Overall, our findings deepen the understanding of laurel hydrosol properties and the influence of geographical origin on its phytochemical composition, with particular emphasis on its antioxidant capacity, potential antimicrobial activity, and the safety of its topical application.
5. Conclusions
This study offers a comprehensive phytochemical and biological characterisation of Laurus nobilis hydrosols (LnHYs) produced by microwave-assisted extraction (MAE), an environmentally sustainable and efficient green technology. Detailed phytochemical analysis confirmed the consistent presence of volatile compounds and polyphenols across samples, with minor regional variation.
Biological testing demonstrated notable antioxidant capacity, weak antimicrobial activity, and neutral proliferative effects in a wound-healing model.
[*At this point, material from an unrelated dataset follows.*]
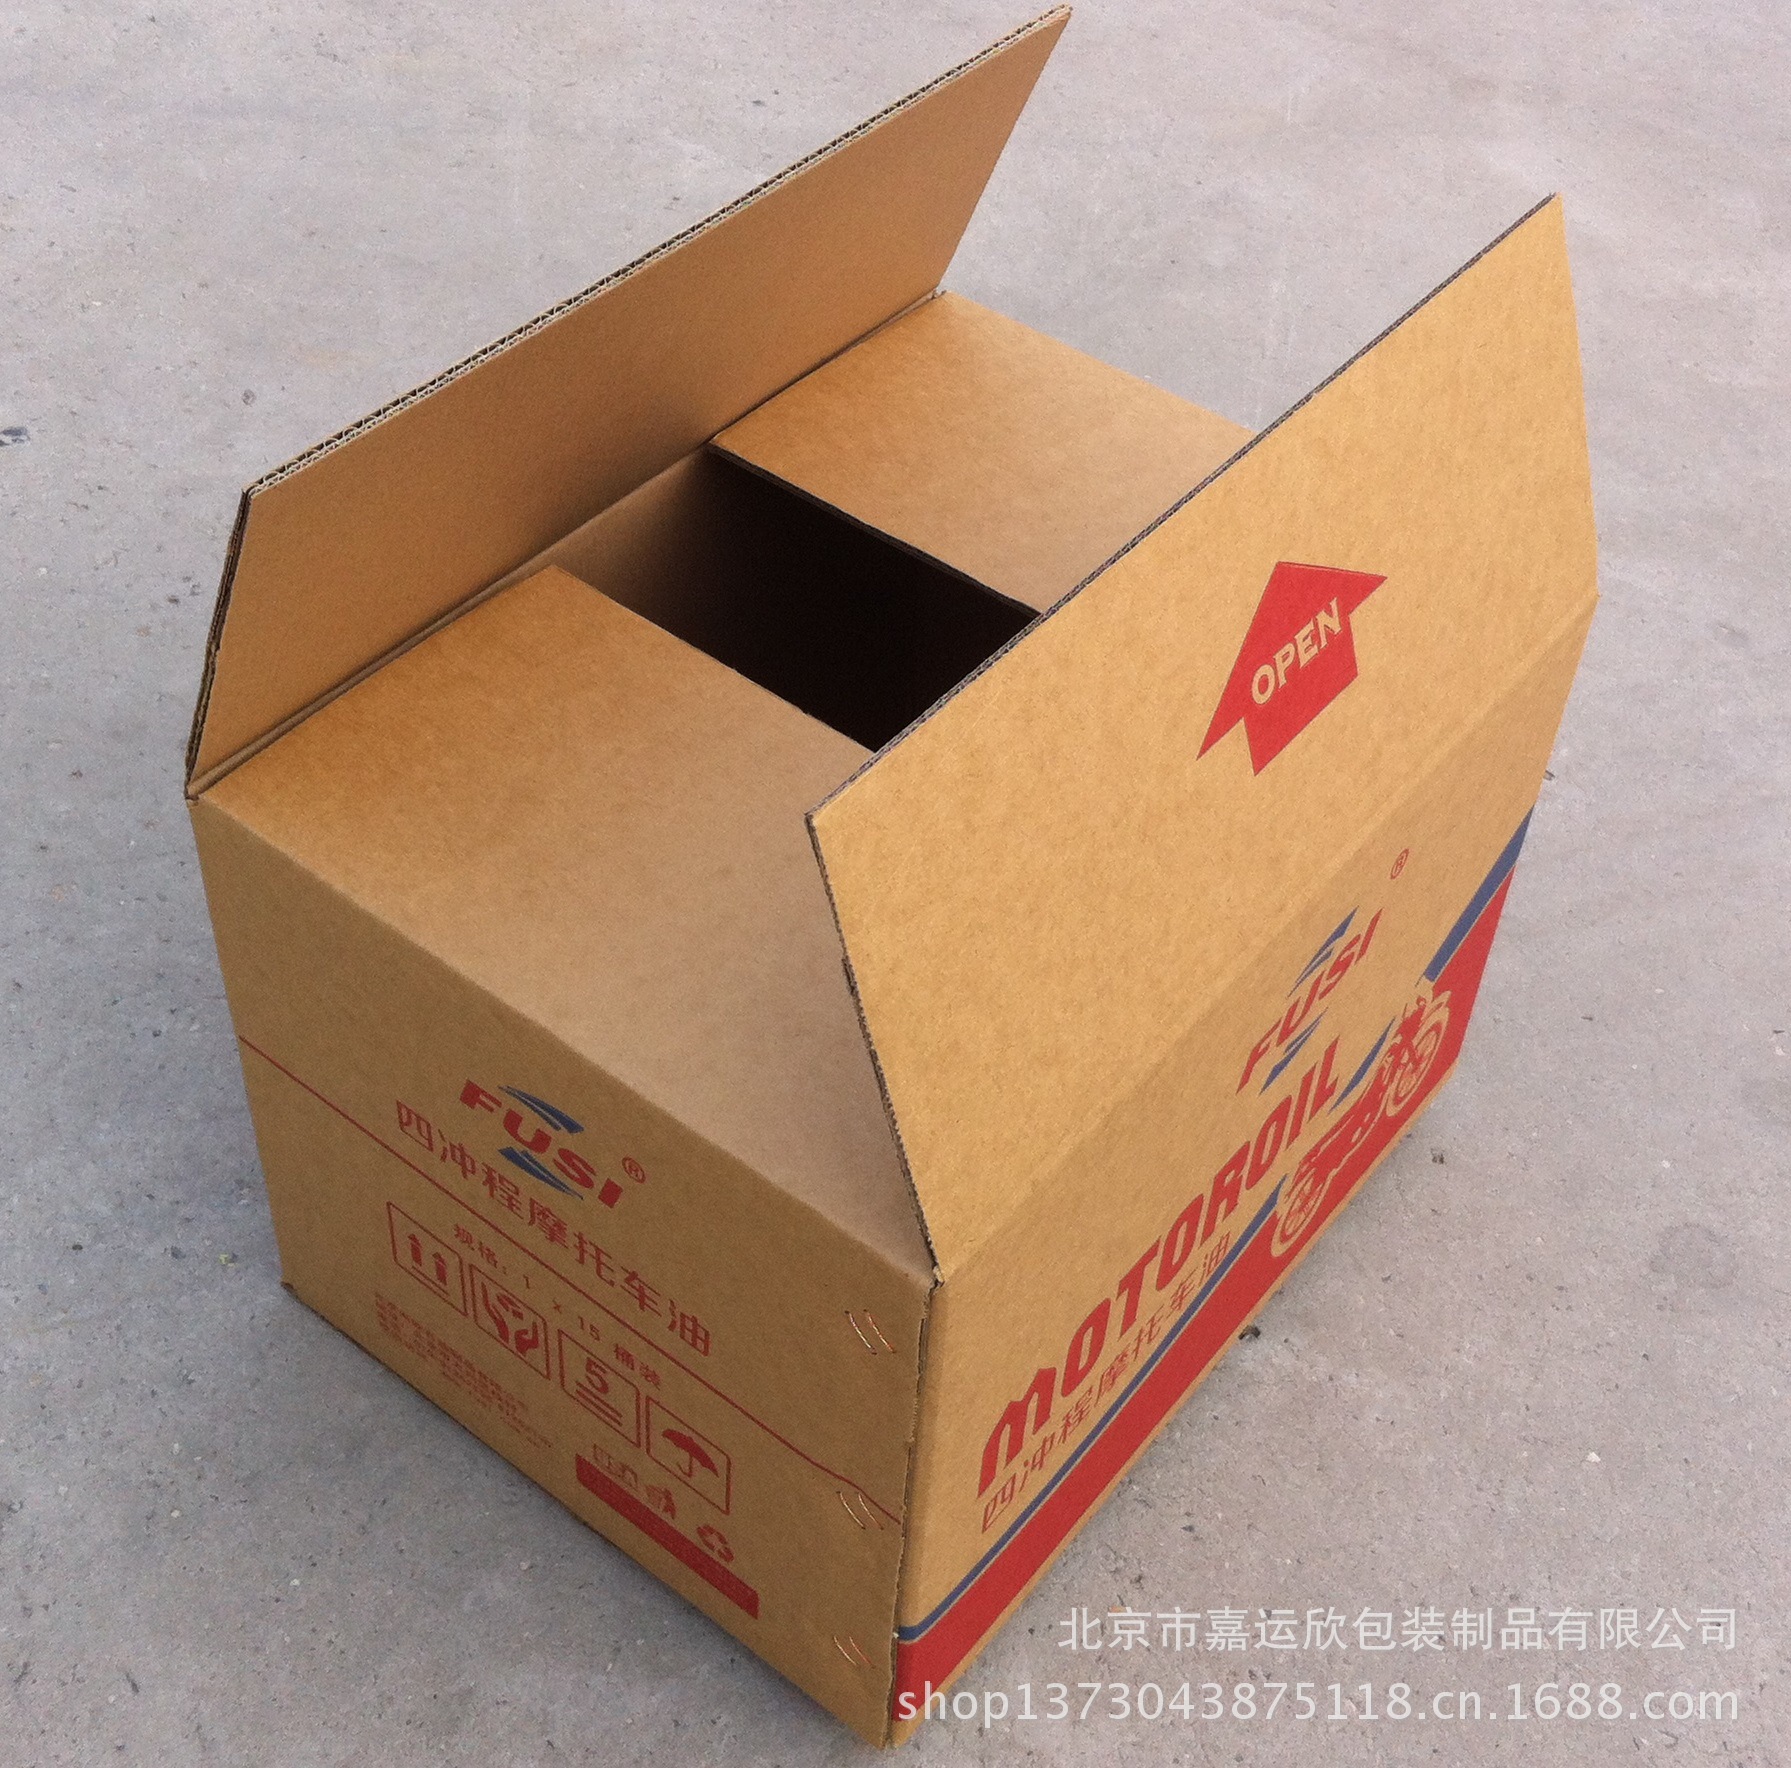 【可定做】瓦楞纸箱 彩色纸箱 彩印纸盒 包装箱纸箱 包装制品

These attributes, combined with the absence of cytotoxicity, show the potential of LnHYs for topical applications.
While these findings highlight the promise of LnHYs as biocompatible ingredients obtained through sustainable means, their dermatological potential remains to be additionally evaluated.
Future research should focus on long-term stability, formulation compatibility, and in vivo efficacy to fully validate their practical applications. This work thus lays a valuable foundation for the continued exploration and innovation of botanical hydrosols in modern dermopharmaceutical science.